Duplicate Detection
Duplicate Detection
Technical Explanation
Duplicates are multiple rows representing the same entity or event. They can inflate metrics, skew analysis, and indicate data quality problems. Finding and resolving them is a fundamental data cleaning task.
Types of Duplicates
| Type | Description | Example |
|---|---|---|
| Complete | All columns identical | Same order imported twice |
| Partial | Key columns same | Same customer with slightly different email |
| Logical | Same entity, different representation | "John Doe" vs "Johnny Doe" |
Detection Strategies
- COUNT(*) vs COUNT(DISTINCT) comparison
- GROUP BY with HAVING COUNT(*) > 1
- Window functions with ROW_NUMBER
Code Examples
Using the CatCafe dataset:
-- Table: customers
-- id, name, email, phone, city, registration_date
-- Strategy 1: GROUP BY for finding duplicate keys
SELECT
email,
COUNT(*) as occurrences
FROM customers
GROUP BY email
HAVING COUNT(*) > 1;
-- Find all duplicate rows
WITH duplicates AS (
SELECT
email,
COUNT(*) as cnt
FROM customers
GROUP BY email
HAVING COUNT(*) > 1
)
SELECT c.*
FROM customers c
JOIN duplicates d ON c.email = d.email
ORDER BY c.email, c.id;
-- Strategy 2: Window function for complete duplicates
WITH numbered AS (
SELECT
*,
ROW_NUMBER() OVER (
PARTITION BY name, email, phone, city
ORDER BY id
) as row_num
FROM customers
)
SELECT *
FROM numbered
WHERE row_num > 1; -- Keep only one, delete others
-- Strategy 3: Finding partial duplicates (similar names)
SELECT
c1.id as id1,
c1.name as name1,
c2.id as id2,
c2.name as name2,
c1.email as email1,
c2.email as email2
FROM customers c1
JOIN customers c2
ON c1.id < c2.id -- Avoid self-join duplicates
AND c1.name = c2.name -- Same name
AND c1.email != c2.email; -- Different email
-- Strategy 4: Fuzzy matching for similar emails (PostgreSQL)
SELECT
c1.id as id1,
c1.email as email1,
c2.id as id2,
c2.email as email2,
LEVENSHTEIN(c1.email, c2.email) as edit_distance
FROM customers c1
JOIN customers c2
ON c1.id < c2.id
AND LEVENSHTEIN(c1.email, c2.email) <= 2 -- Within 2 edits
ORDER BY edit_distance;
-- Practical: Resolving duplicates by keeping most recent
WITH ranked AS (
SELECT
*,
ROW_NUMBER() OVER (
PARTITION BY email
ORDER BY registration_date DESC
) as priority
FROM customers
)
SELECT *
FROM ranked
WHERE priority = 1;
-- Finding duplicate orders
SELECT
customer_id,
order_date,
total_amount,
COUNT(*) as duplicate_count
FROM orders
GROUP BY customer_id, order_date, total_amount
HAVING COUNT(*) > 1;
-- Cross-table duplicates: Same customer created multiple accounts
SELECT
c1.id as id1,
c1.email as email1,
c1.name as name1,
c2.id as id2,
c2.email as email2,
c2.name as name2
FROM customers c1
JOIN customers c2
ON c1.id < c2.id
AND (
c1.email = c2.email
OR (c1.phone = c2.phone AND c1.phone IS NOT NULL)
)
ORDER BY c1.email;
The Cat Analogy
Finding duplicate cats at a shelter:
Complete Duplicate:
Row 1: "Whiskers" | Siamese | 3 years | 123 Cat Lane
Row 2: "Whiskers" | Siamese | 3 years | 123 Cat Lane
Same cat entered twice — one entry should be deleted.

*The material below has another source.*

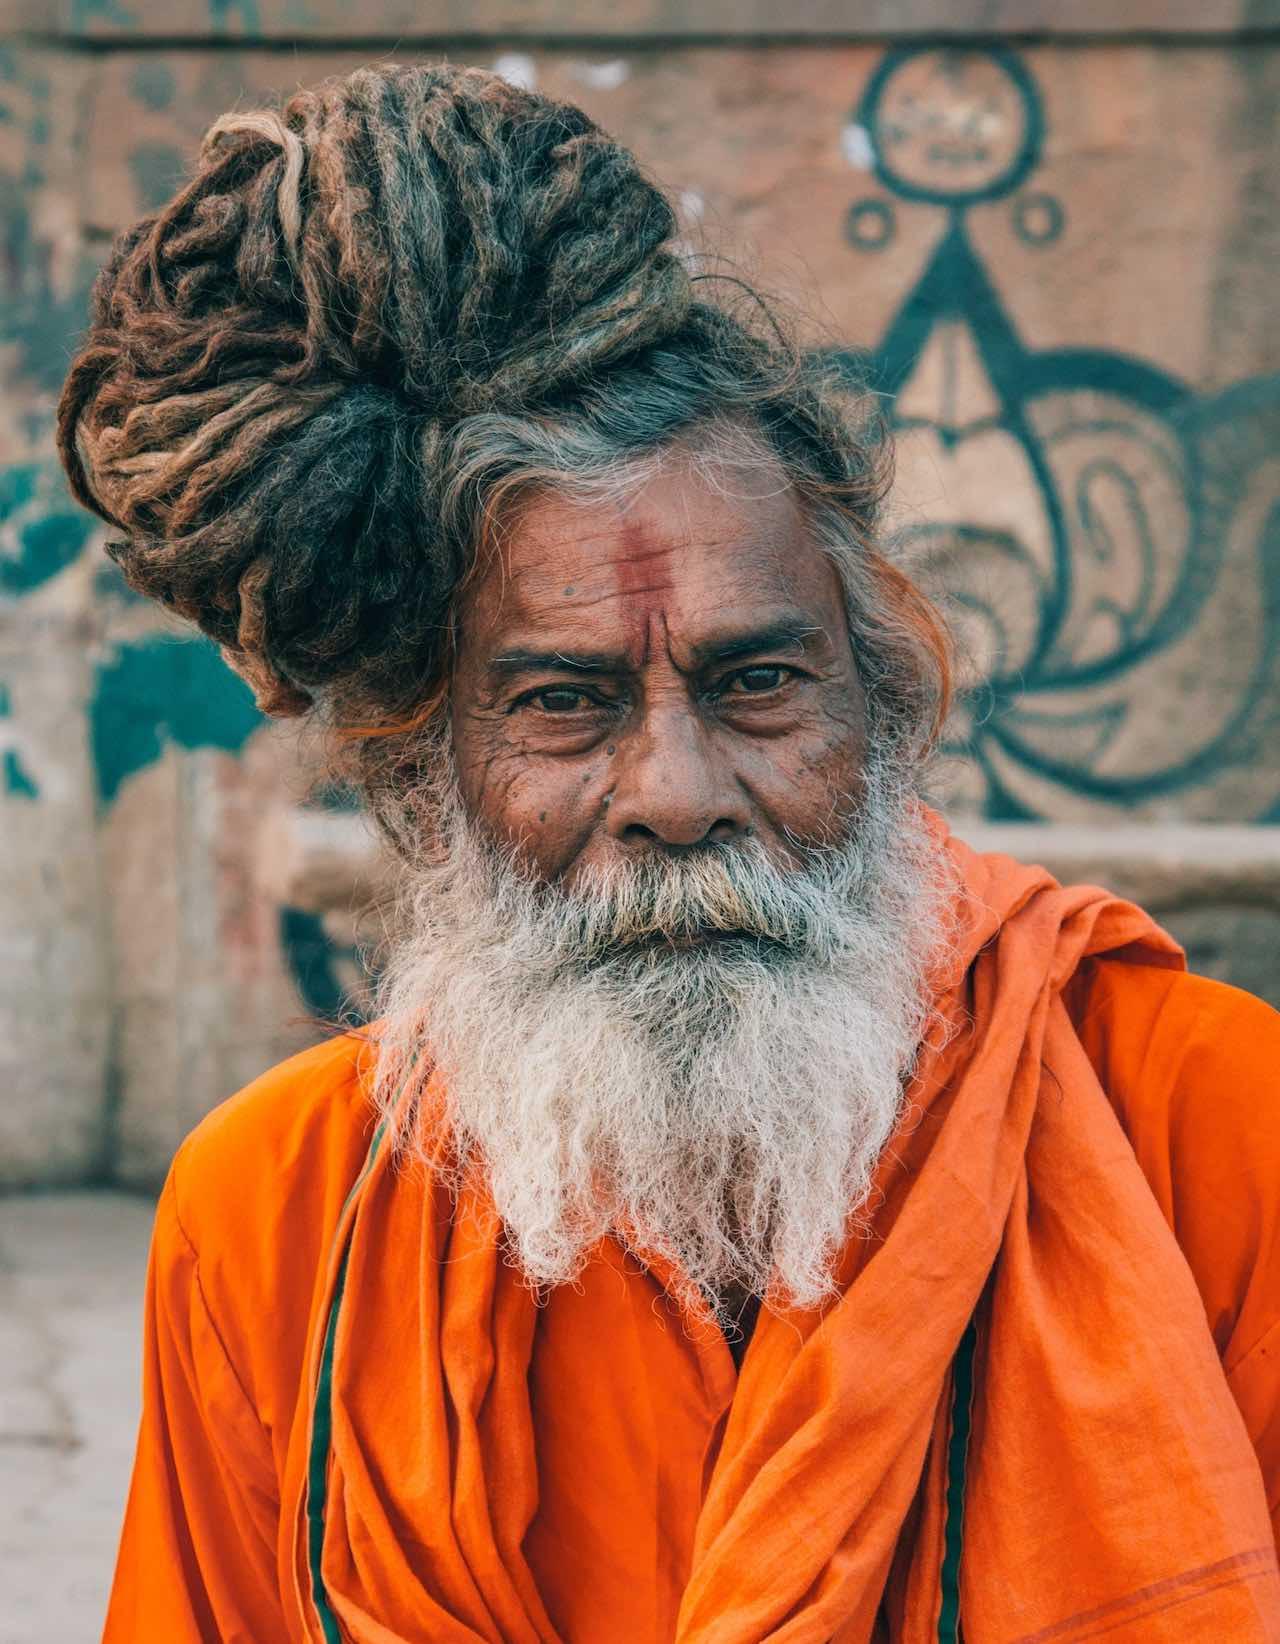 Monk Delhi India

Partial Duplicate (Same cat, different info):
Row 1: "Whiskers" | Siamese | 3 years | 123 Cat Lane
Row 2: "Whiskers" | Siamese | 2 years | 456 Dog Ave
Same cat, slightly different age — might be same cat or different cats.
How to resolve:
- Check if it's truly the same entity
- Decide which record to keep (usually most recent or most complete)
- Merge or delete
Common Pitfalls
Assuming All "Duplicates" Should Be Deleted
-- WRONG: Deleting valid separate events
-- Two orders by same customer on same day = legitimate!
SELECT *
FROM orders
WHERE (customer_id, order_date) IN (
SELECT customer_id, order_date
FROM orders
GROUP BY customer_id, order_date
HAVING COUNT(*) > 1
);
-- These might be different orders, not errors!

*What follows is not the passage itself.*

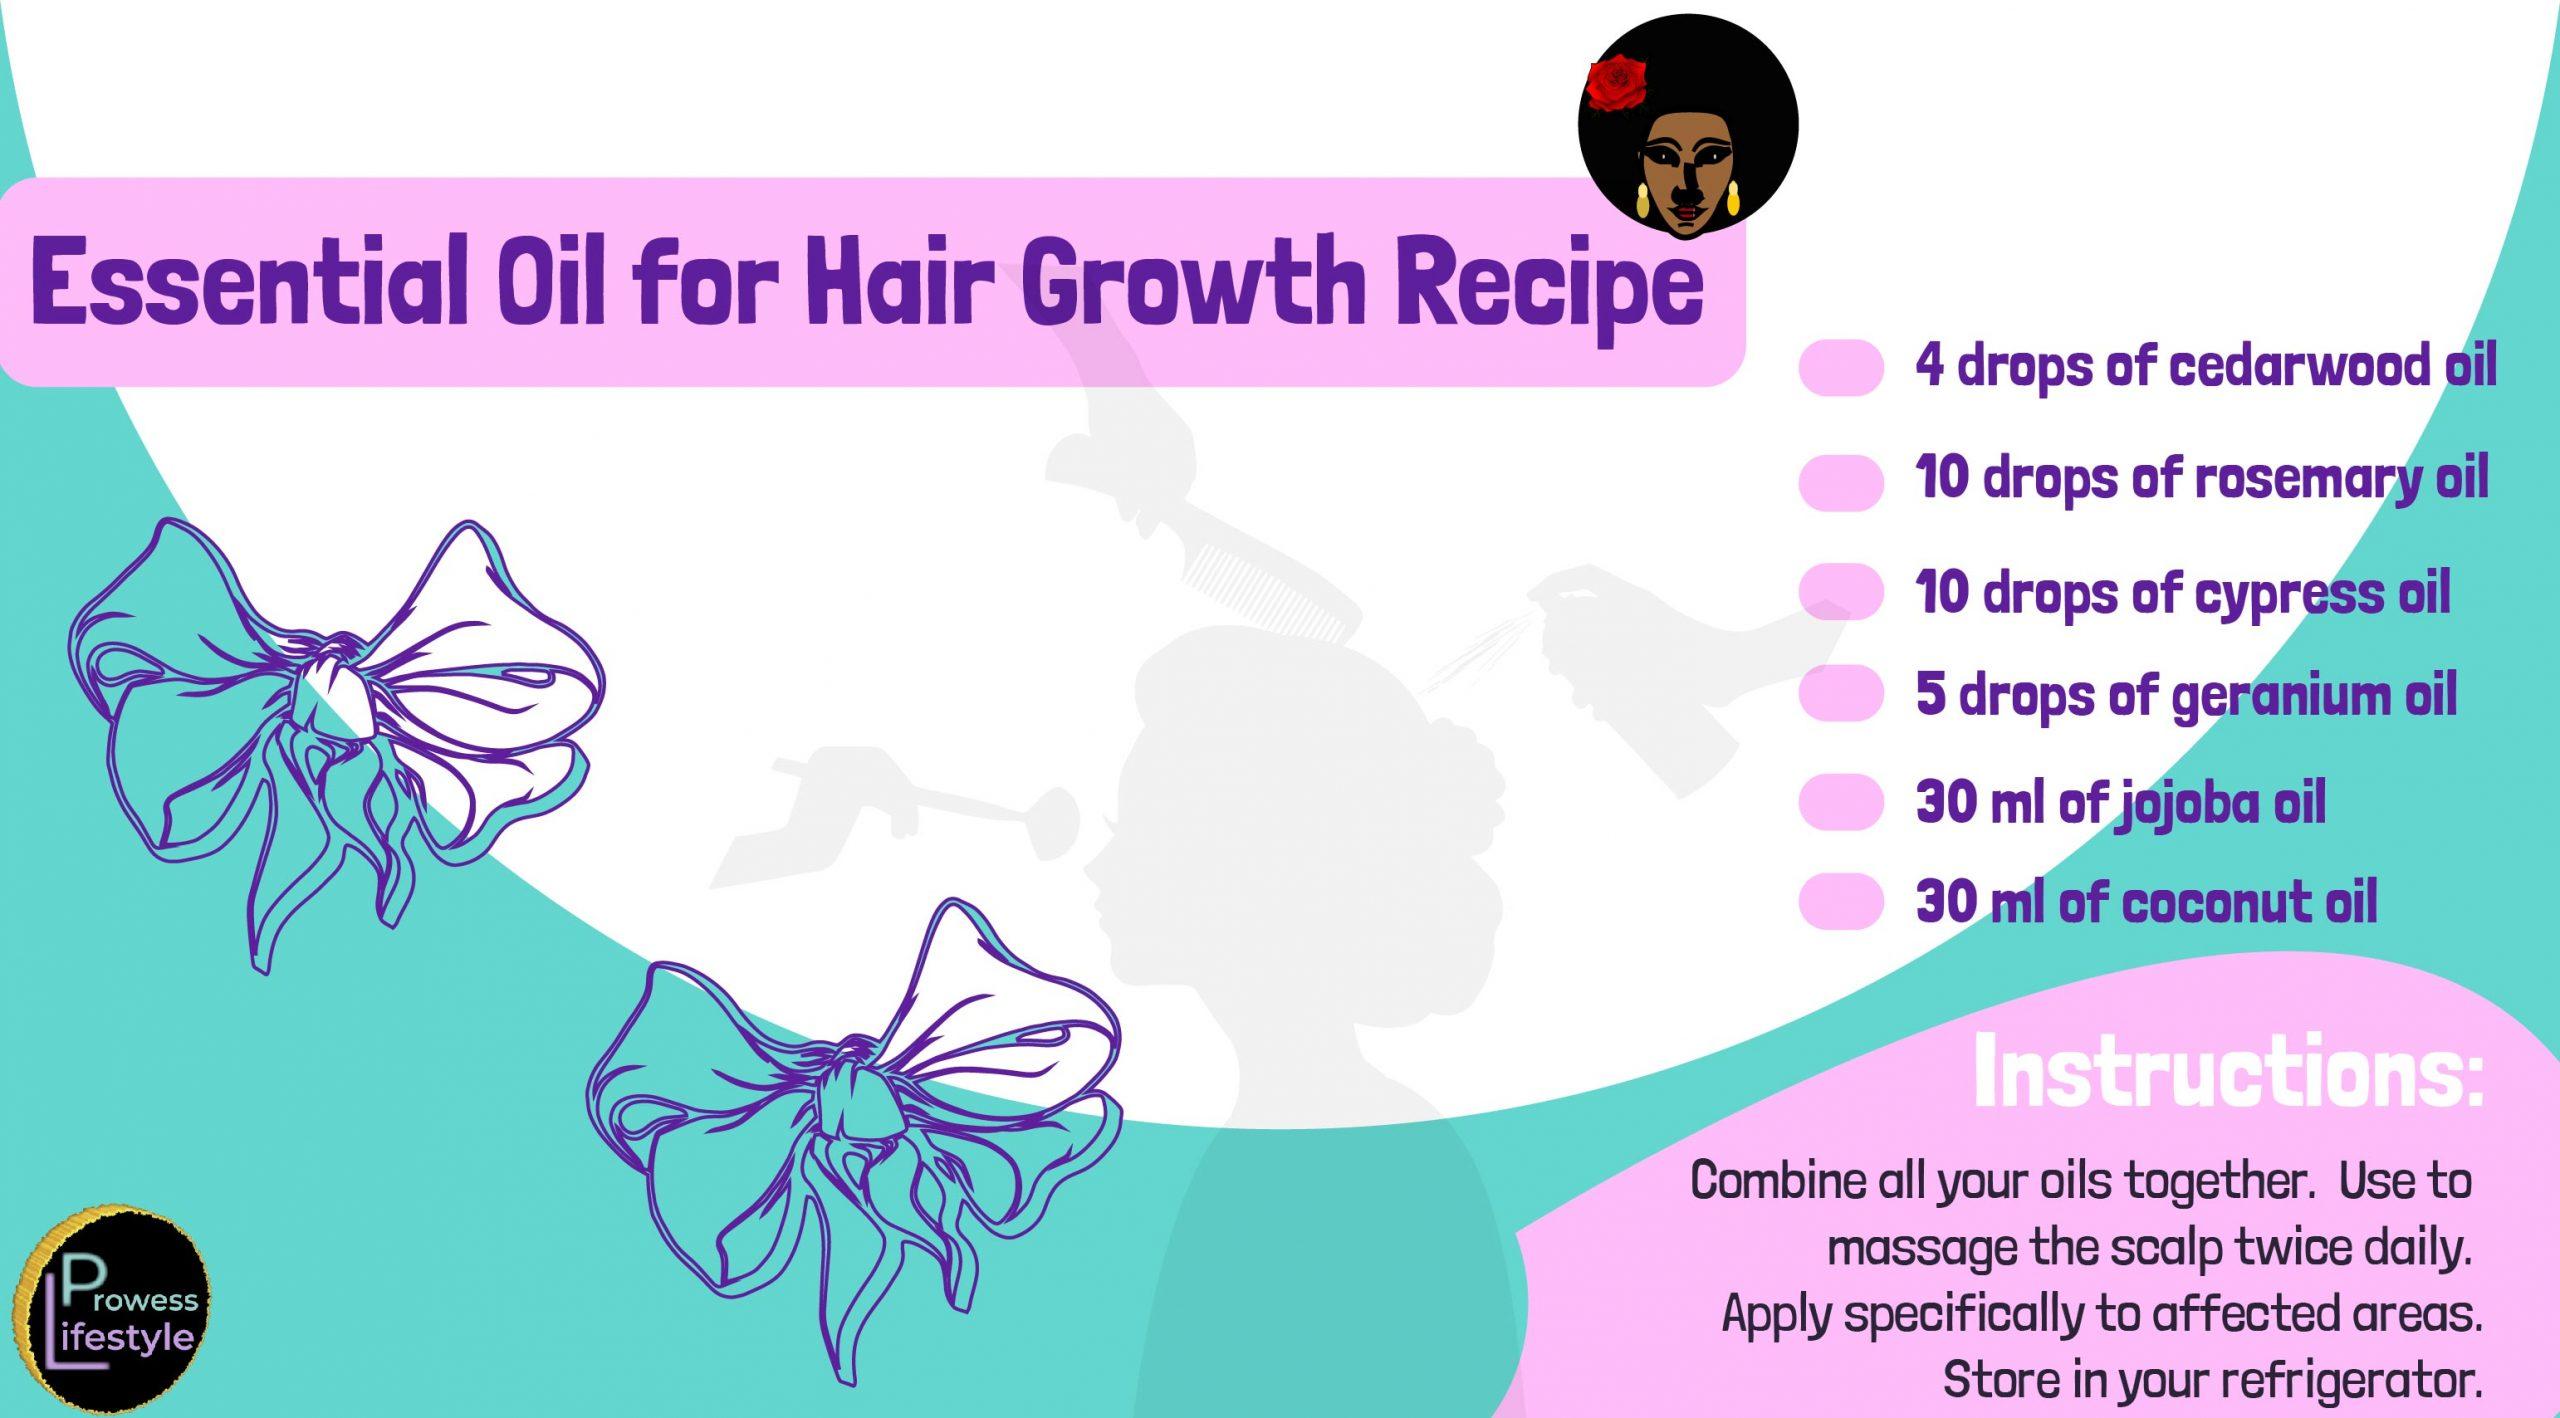 Geranium and cypress essential oils hair growth recipe

-- RIGHT: Only delete true duplicates
WITH true_duplicates AS (
SELECT
id,
ROW_NUMBER() OVER (
PARTITION BY customer_id, order_date, total_amount, status
ORDER BY id
) as dup_num
FROM orders
)
DELETE FROM orders
WHERE id IN (
SELECT id FROM true_duplicates WHERE dup_num > 1
);
Not Checking Business Rules
-- Some "duplicates" are valid:
-- Same person adopted 2 cats = 2 adoption records = NOT duplicates
-- But same person + same cat + same date = likely duplicate
Exercises
Exercise 1
Write a query to find all duplicate customer emails, showing all columns of the duplicate rows.
Exercise 2
Write a query to find orders that might be duplicates (same customer, same date, same amount).
Exercise 3
What is the difference between a complete duplicate and a partial duplicate?
Exercise 4
Write a query to find customers with the same phone number.
Exercise 5
Write a deduplication query that keeps the most recent record based on registration_date.
Key Takeaways
- Duplicates inflate metrics and skew analysis
- Use GROUP BY + HAVING COUNT(*) > 1 for finding duplicate keys
- Use ROW_NUMBER to identify which rows to keep
- Distinguish true duplicates from legitimate multiple records
- Check business rules before deleting "duplicates"
- Document your deduplication logic for reproducibility